== Segment start ==

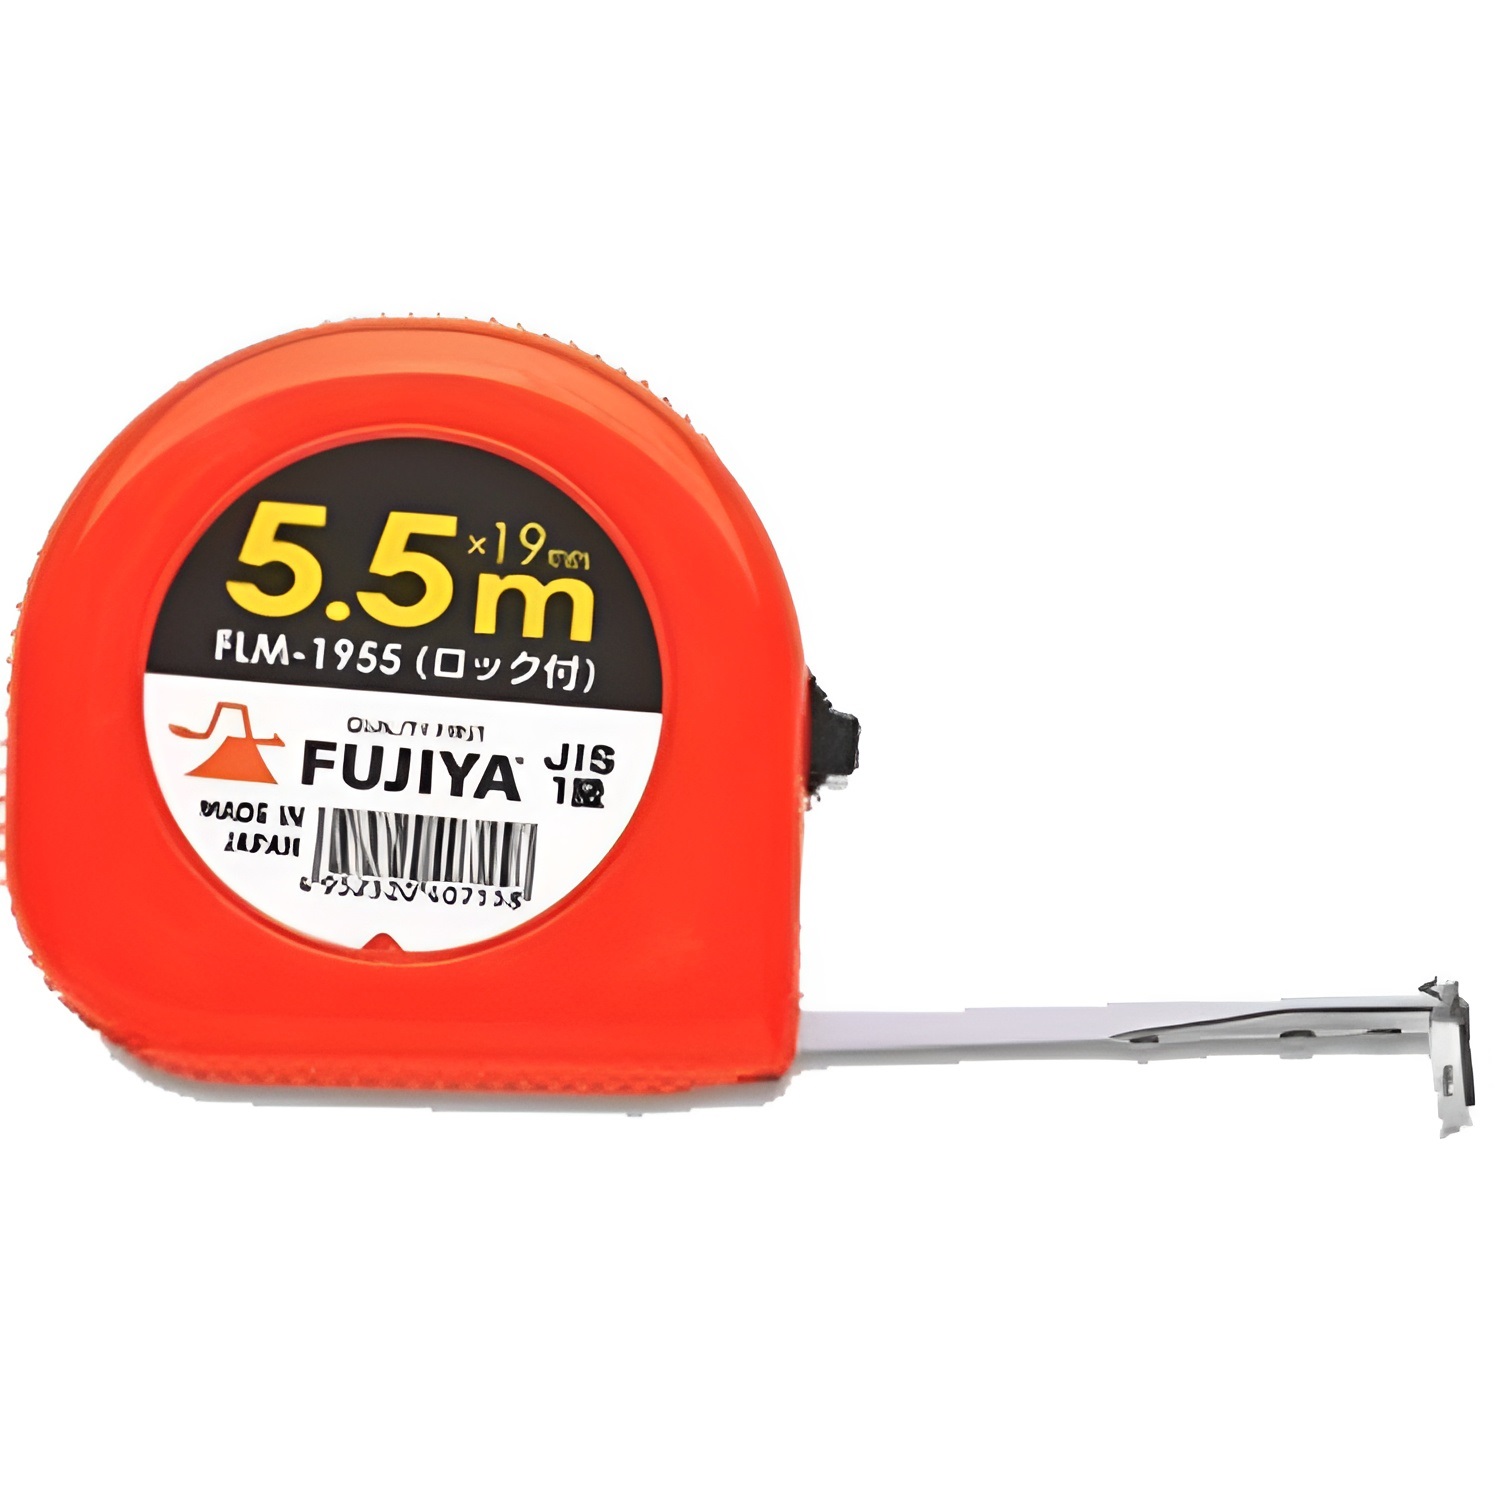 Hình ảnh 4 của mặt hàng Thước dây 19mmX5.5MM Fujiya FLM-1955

== Segment end ==
== Segment start ==

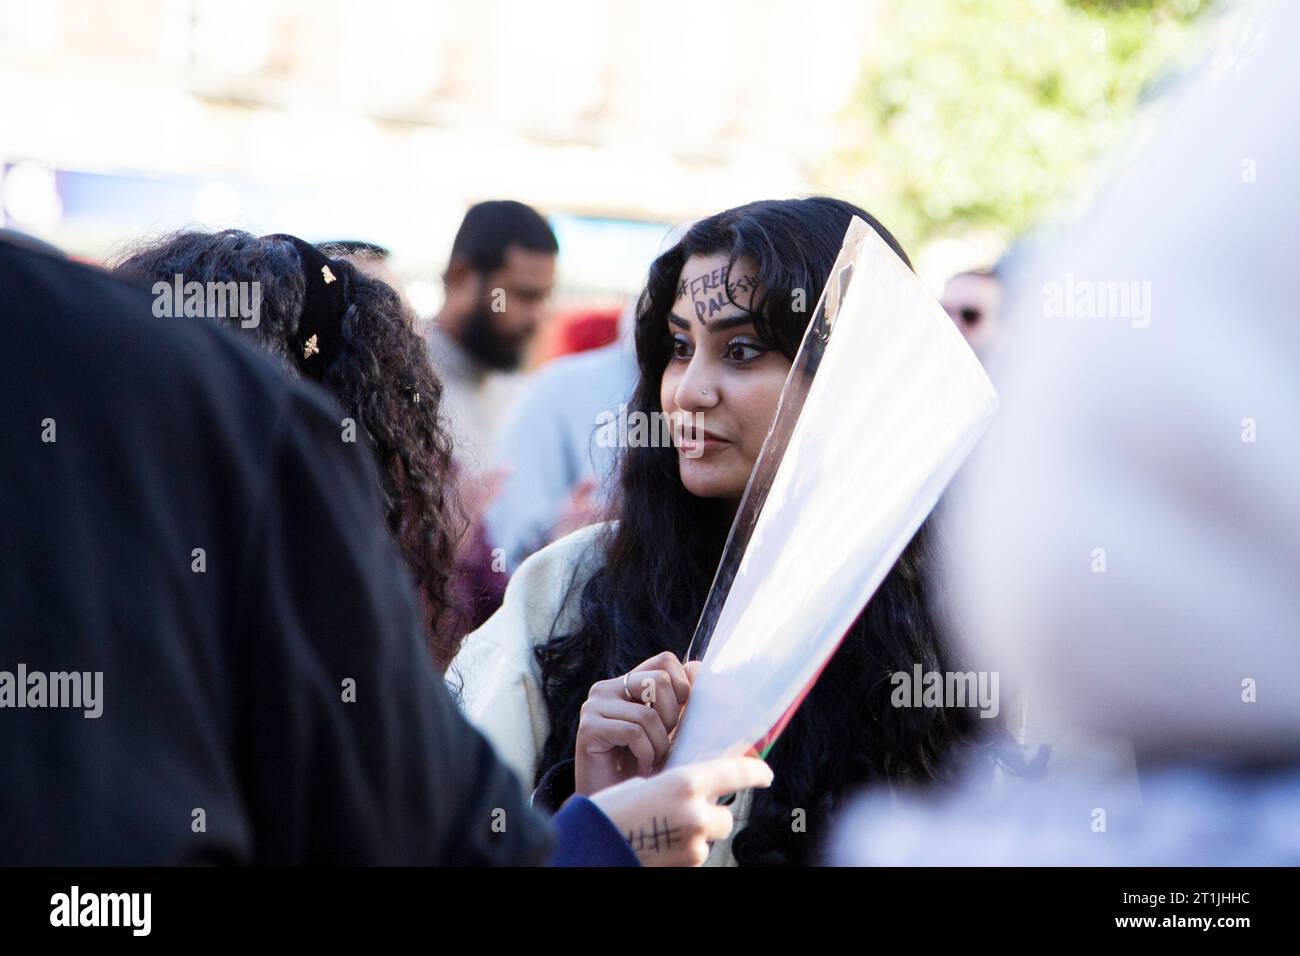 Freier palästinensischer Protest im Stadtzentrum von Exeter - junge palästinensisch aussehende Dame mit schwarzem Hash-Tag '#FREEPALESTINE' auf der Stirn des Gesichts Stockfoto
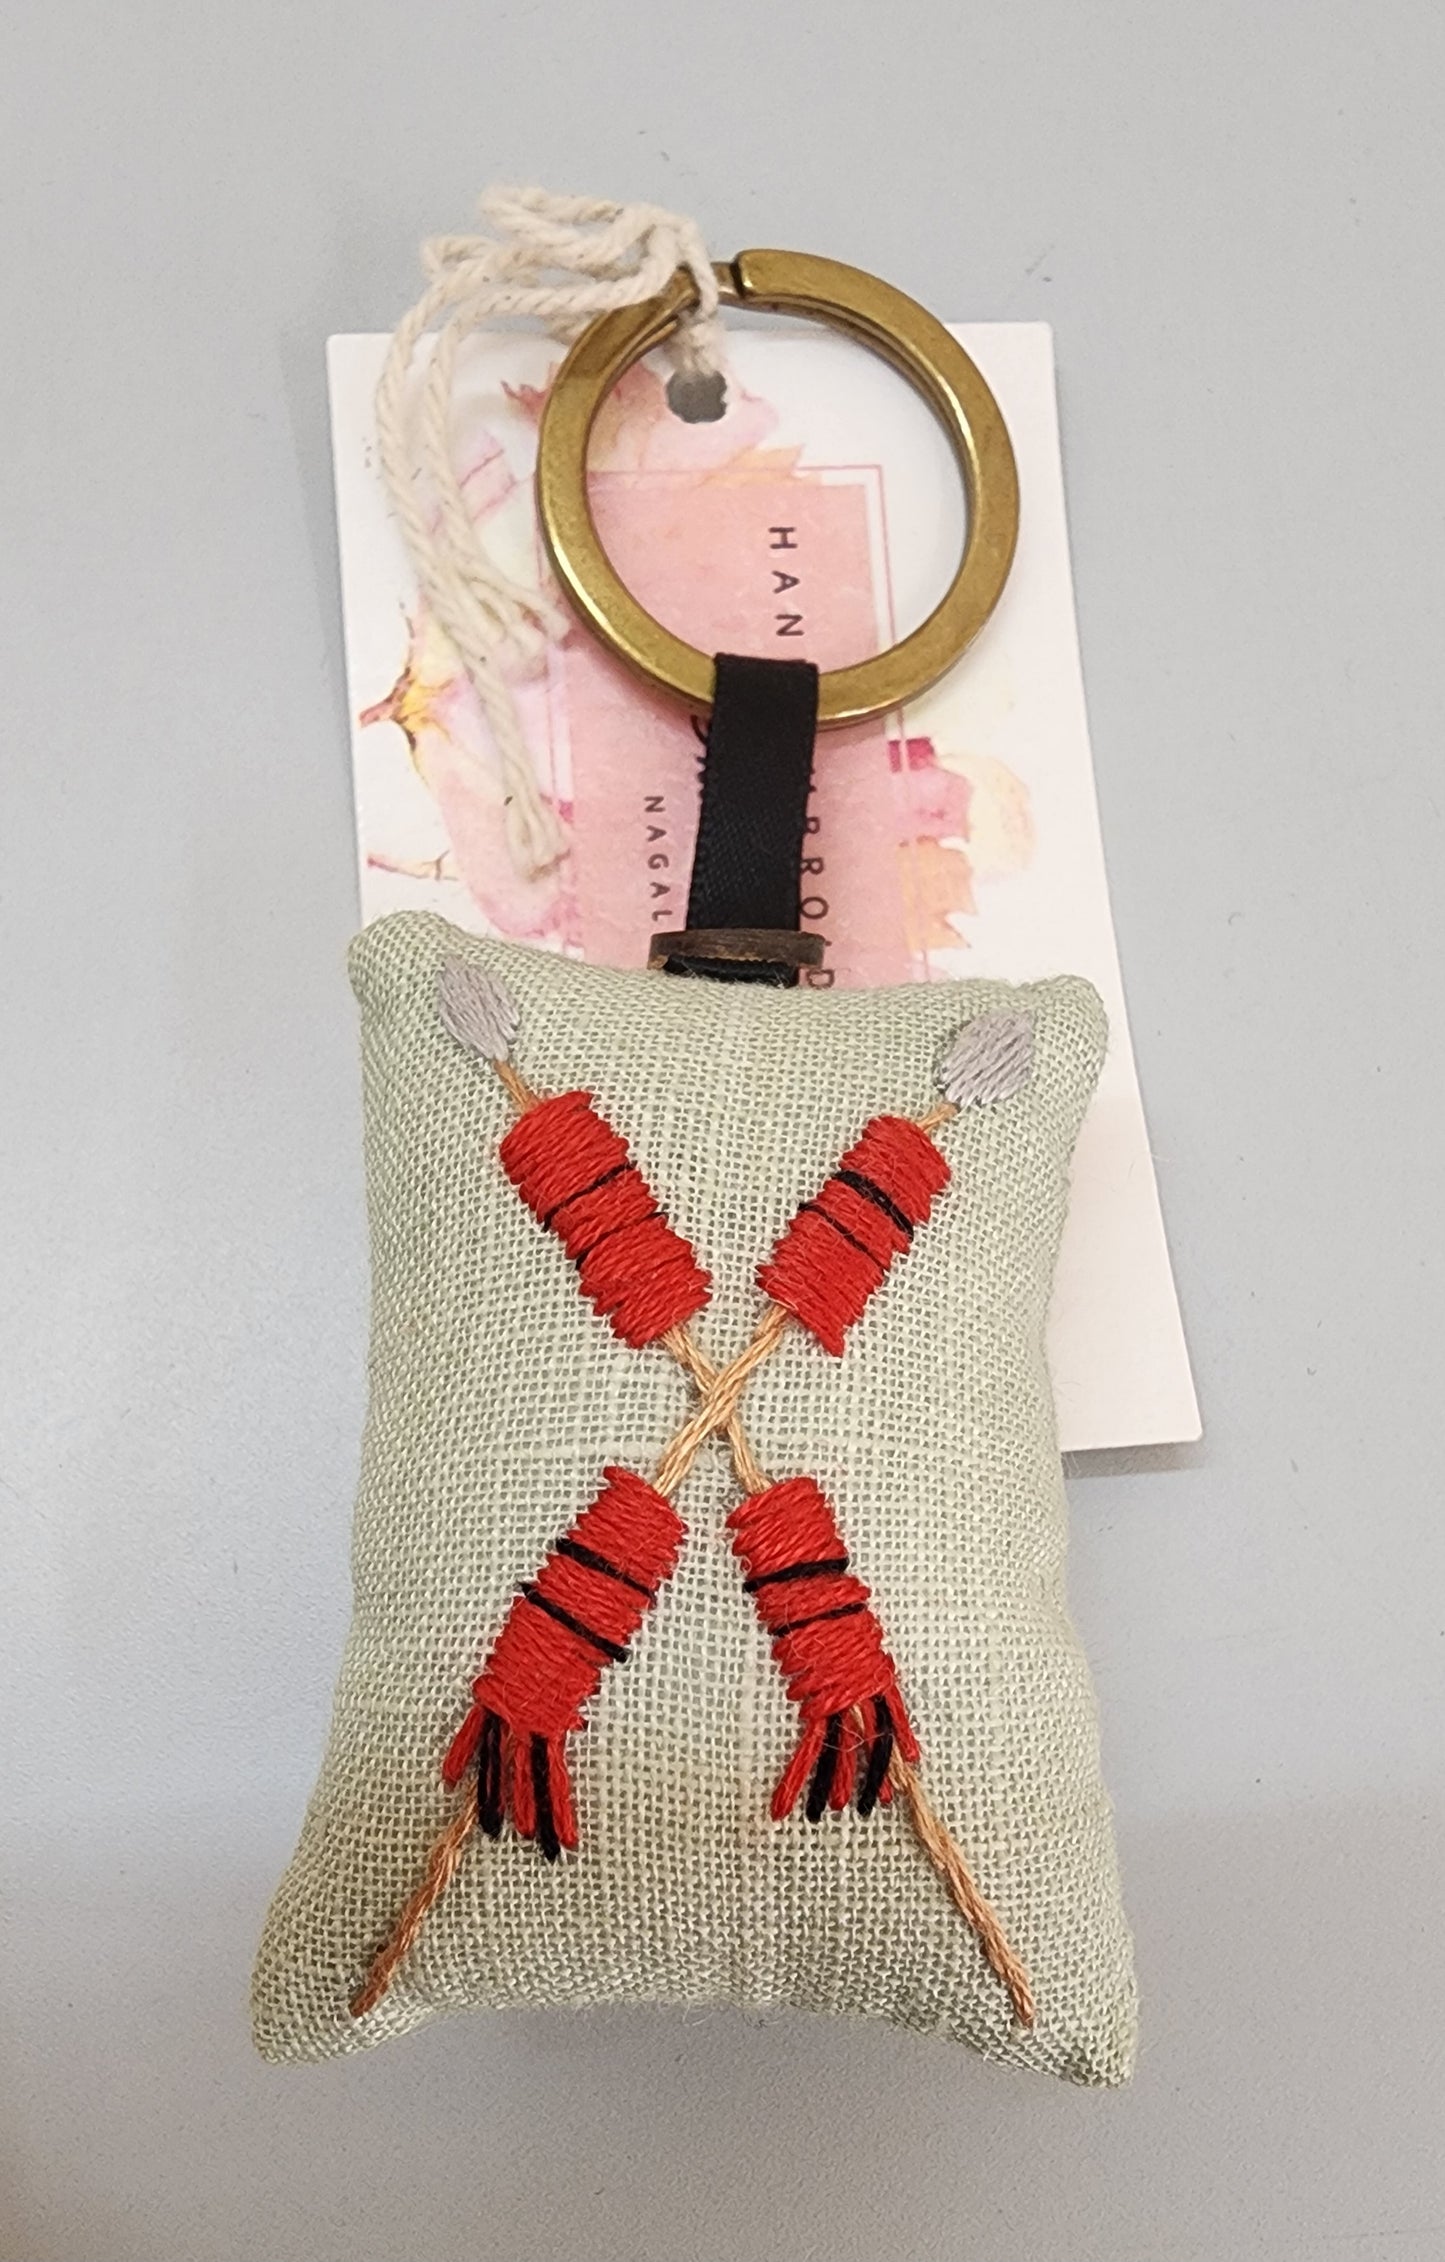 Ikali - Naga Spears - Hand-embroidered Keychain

== Segment end ==

[Task brief]
Although the records above contain pictures, the copy must not; set down exactly the lines from the one with "Freier palästinensischer Protest" up to and including the one with "Ikali - Naga".

[Written reply]
 Freier palästinensischer Protest im Stadtzentrum von Exeter - junge palästinensisch aussehende Dame mit schwarzem Hash-Tag '#FREEPALESTINE' auf der Stirn des Gesichts Stockfoto
 Ikali - Naga Spears - Hand-embroidered Keychain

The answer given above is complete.